Learning to love yourself
What?! I mean, I understand now why it was easy to get there. But that’s all I get.

It is the greatest love of all
Being selfish is the ultimate state of love?


And if by chance, that special place

That special place”? Did a line get dropped out during revision, assuming there was some sort of editing done on this song?

That you've been dreaming of
Another perspective, finally a personal second person. Sure, we’ve been partly included earlier—being ordered about on how to manage our youth and the phony inclusiveness of a fuzzy, shared past in the first verse—but now it’s our special place. Nothing generic about that.

Leads you to a lonely place
First of all, it’s rhyming “place” with “place.” With all of Whitney’s problems she’s apparently suffered, maybe her imagined special place was full of loneliness, but what kind idiot dreams of lonesome locations?

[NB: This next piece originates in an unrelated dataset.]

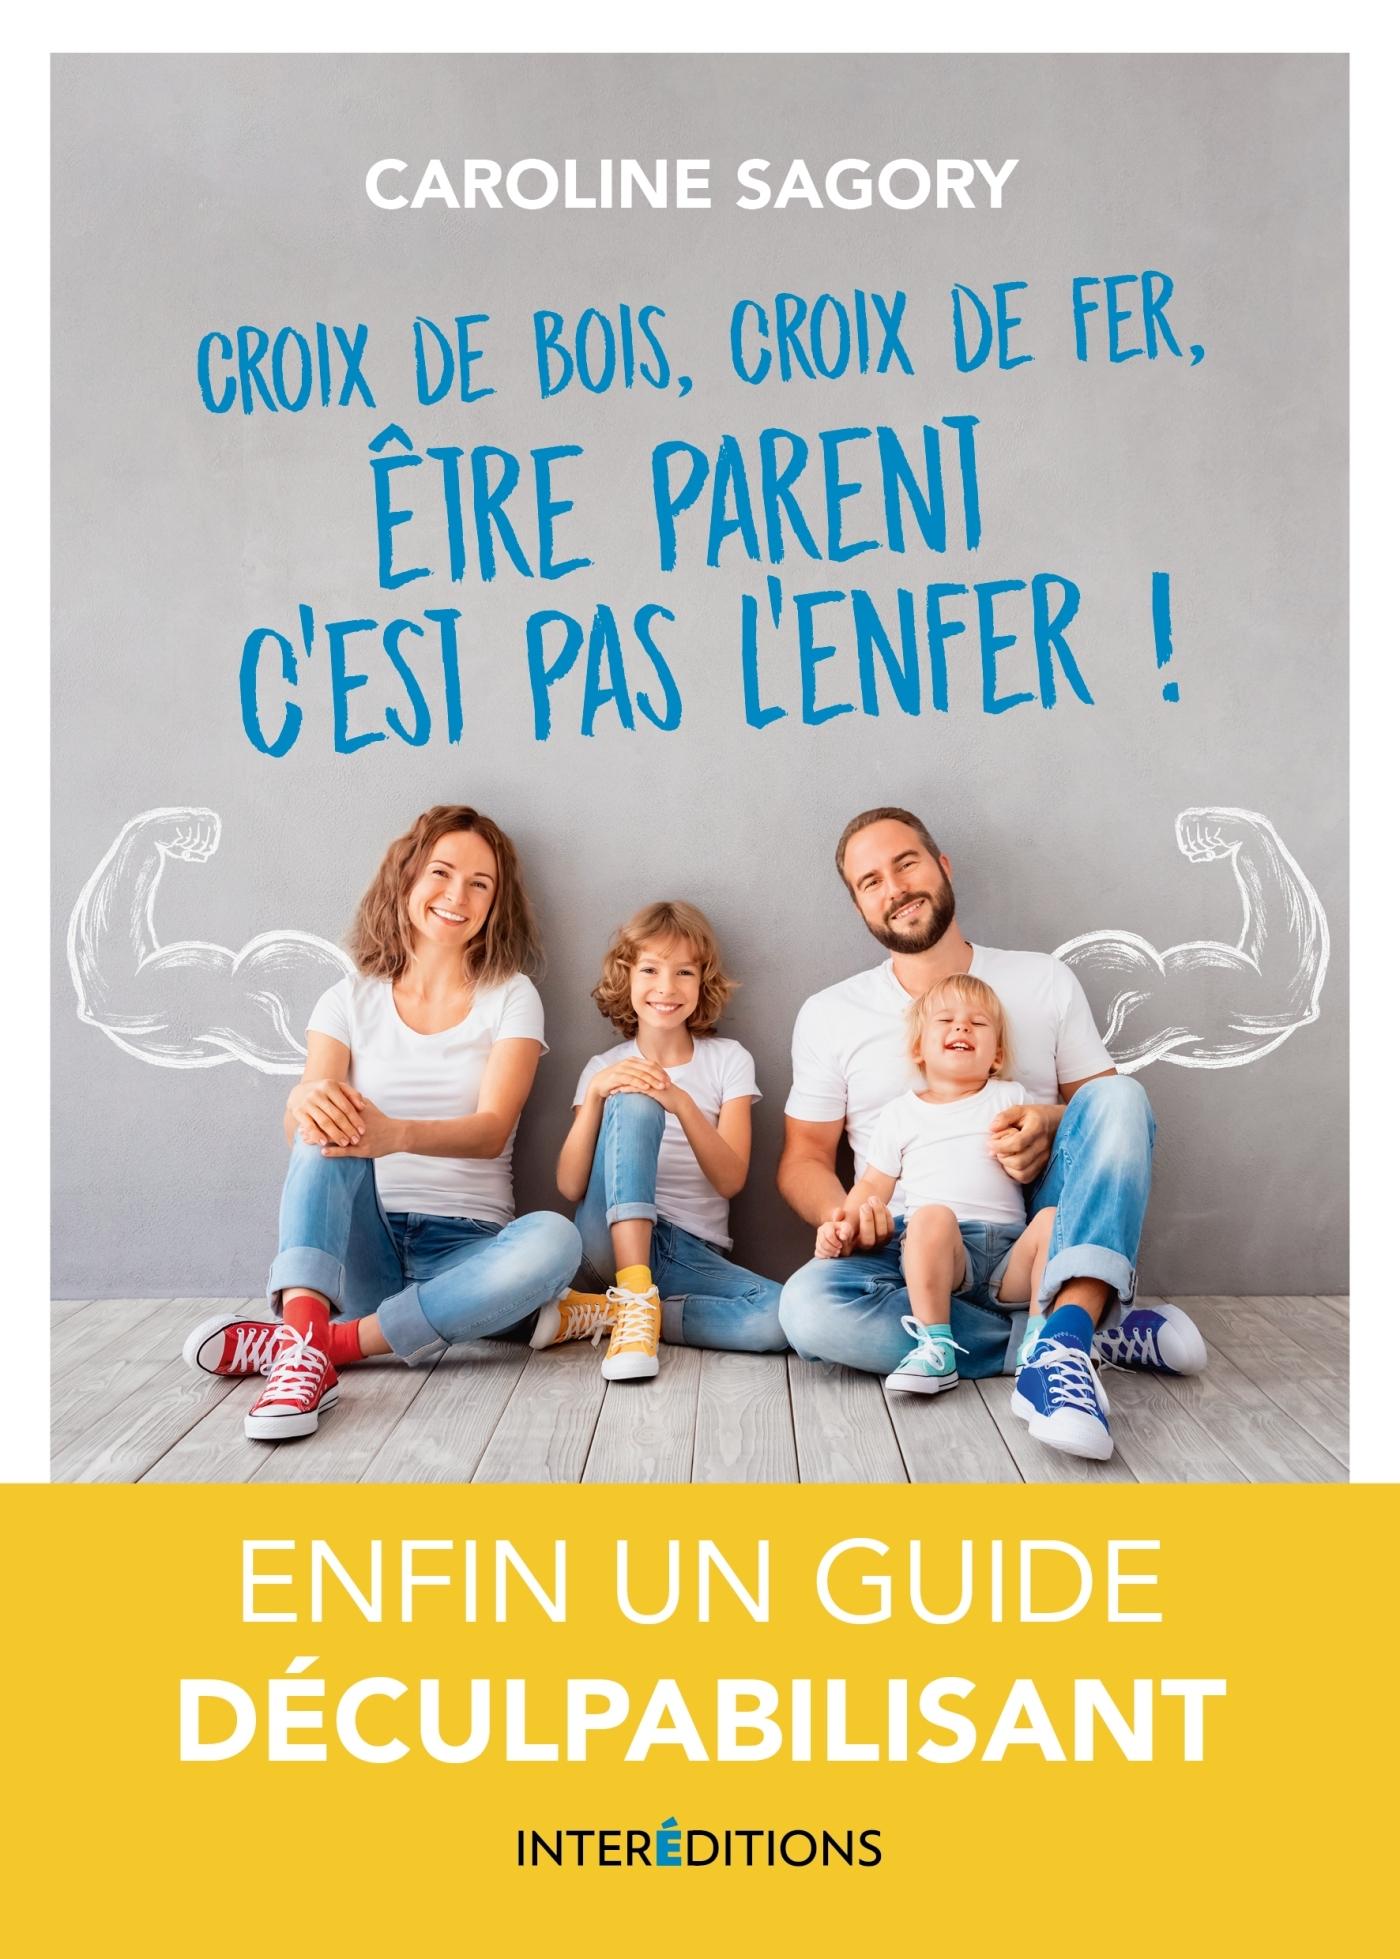 CROIX DE BOIS, CROIX DE FER, ETRE PARENT C'EST PAS L'ENFER ! - ENFIN UN GUIDE DECULPABILISANT!

Find your strength in love
Thanks for the tip.

The Most Baleful Influences on Pop Music...

in the last two decades.

1. Whitney Houston. Maybe she didn’t really originate her of style of bombastic pop, but she’s one of the main reasons soul went into the toilet after Al Green went into the ministry. (New jack, new girl groups, and other hip-hop miscegenation with the genre have since fished it from the bowl.) The monstrous self-importance, the stupid operatic voice modulations, the plodding arrangements. Her music (or more correctly, its success) is at the root of Mariah’s ‘90s chart dominance, the bazoople platinum Titanic soundtrack*, and American Idol and its know-nothing, insipid judges**. She’s the proud architect of the second worst song of all time, “The Greatest Love of All.”***

2. Pearl Jam. I hate their stupid name. I despise their sludge guitars, their turgid drums, and that handsome guy’s vocal whine. Is his name Jeremy? Or is that one of their songs? I detest their lame album-naming abilities. (Something they share with Whitney. Whitney Houston.) But what I revile more than anything is the fact that they seem to be the model for nearly all subsequent heavy rock acts, so second- and now third-generation imitations (none better, or worse, than the original) overpopulate radio airwaves and best seller lists everywhere.

3. Replacements. Unlike the aforementioned, the ‘mats actually have good songs. But for some reason Paul Westerberg’s vocal stylings were the archetype for “alternative” rock singers (though that phase seems to have passed). His band was a bunch of sloppy drunks; the grating soul singing method matches not with cleanly produced studio fare. The Replacements are indirectly responsible for the resurrection of Santana after nearly three decades of irrelevance, a dude who wasn’t interesting in the first place.

Honorable Mention: De La Soul. 3 Feet High and Rising came in 1989 with a running skit about a fictitious game show interrupting its tracks. The songs themselves were amusing. The skit was not. This has become the prototype for nearly every commercial hip-hop album since. Let’s assume 10,000 skits since, three of them funny. I still haven’t forgiven Prince Paul enough to listen to his subsequent albums.


*What about those millions of idiots who shelled out $18 for one song and the rest incidental music? For one song that you could hear on crappy radio stations ten times a day.

**Not to mention all the other primetime remakes of Star Search that the wife prefers over televised comedy or basketball.

***”We are the World” is, of course, the worst.